Francis Bach, Learning Theory from First Principles
This is the primary textbook for the course. It provides a self-contained, mathematically rigorous introduction to statistical learning theory. Beginning with fundamental tools from probability, linear algebra, and convex analysis, the book gradually builds up the core results of learning theory and their algorithmic counterparts. Each chapter combines theoretical results, analytic examples, and computational experiments. The text emphasizes both intuition and rigor, making it particularly well-suited for mathematically mature students.
Code repository: Python and MATLAB code for reproducing figures and experiments from the book:
👉 GitHub: Learning Theory from First Principles
Custom handouts prepared for this course summarize the key results and take-home messages from each lecture, and provide quick-reference formulas for concentration inequalities, bias–variance decomposition, regression solutions, and generalization bounds.
Yaser S. Abu-Mostafa, Learning from Data
A classic Caltech course, taught by Feynman Prize winner Prof. Yaser Abu-Mostafa. The 18 recorded lectures, together with incremental slide decks, provide a highly intuitive introduction to fundamental learning concepts: generalization, bias–variance, linear models, overfitting, regularization, support vector machines, kernel methods, and neural networks. This is an excellent resource for pre-class preparation or conceptual reinforcement.
Roman Vershynin, High-Dimensional Probability: An Introduction with Applications in Data Science
This book develops the modern probabilistic toolkit that underpins much of learning theory. It covers sub-Gaussian and sub-Exponential random variables, concentration inequalities, covariance estimation, the Hanson–Wright inequality, and matrix Bernstein bounds. These tools provide the high-dimensional probability background needed for non-asymptotic analysis of regression, stochastic gradient methods, and kernel methods.
Felipe Cucker & Ding-Xuan Zhou, Learning Theory: An Approximation Theory Viewpoint
This book offers a complementary perspective rooted in functional analysis and approximation theory. It explores the decomposition of error into approximation and estimation terms, approximation spaces, RKHS theory, universality of kernels, and detailed convergence rates. It provides a rigorous theoretical foundation for understanding learning as an approximation process in infinite-dimensional spaces.
Felipe Cucker & Steve Smale, On the Mathematical Foundations of Learning
A seminal survey article published in the Bulletin of the American Mathematical Society (2002). This short paper outlines a unifying view of machine learning, highlighting the interaction of approximation theory, statistical estimation, and computational complexity. It is an excellent conceptual introduction to the mathematical landscape of learning theory, and a highly recommended complement to the more detailed textbooks.
Tomaso Poggio & Steve Smale, The Mathematics of Learning: Dealing with Data
Published in the Notices of the American Mathematical Society (2003, Vol. 50, No. 5, pp. 537–544).
This short survey introduces the mathematical challenges of learning from data, emphasizing the interplay between approximation theory, probability, and computational complexity.
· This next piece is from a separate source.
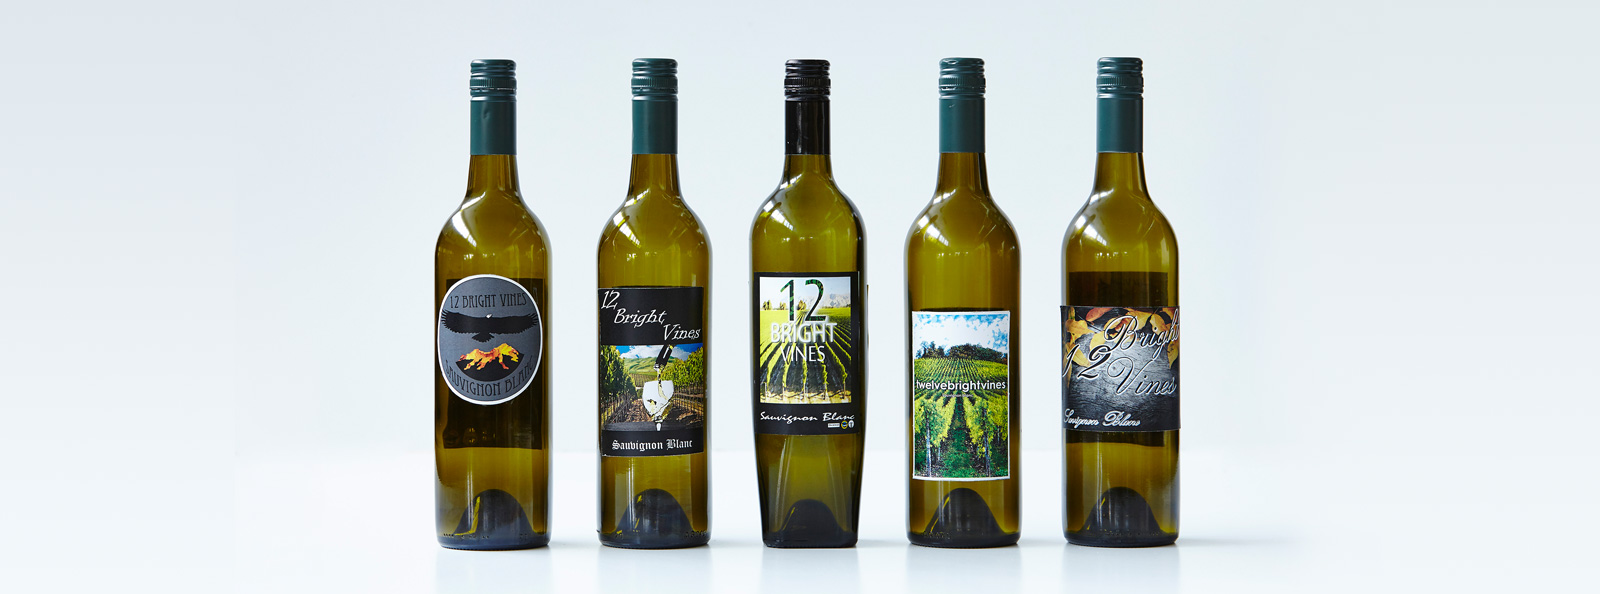 Logo designs for our VCAL wine 12 Bright Vines - Visual Communication

It complements the other foundational readings by providing a broad conceptual overview aimed at mathematicians.
Other references and discussion notes from a previous reading group on learning theory can be found at:
Bach’s book is the primary guide for lectures, exercises, and the overall structure of the course.
Abu-Mostafa’s lectures are highly recommended for conceptual reinforcement; they give accessible introductions to many of the same topics.
Vershynin’s text provides the probabilistic foundations needed for a deeper understanding of generalization bounds, SGD analysis, and random matrix concentration.
Cucker & Zhou give the approximation-theoretic perspective, which deepens understanding of RKHS, kernel methods, and approximation rates beyond the probabilistic view.
Cucker & Smale’s article is a conceptual map of the field, showing how approximation, probability, and complexity interact.
Poggio & Smale’s article is a concise, conceptual introduction, ideal for situating learning theory within the broader mathematical sciences.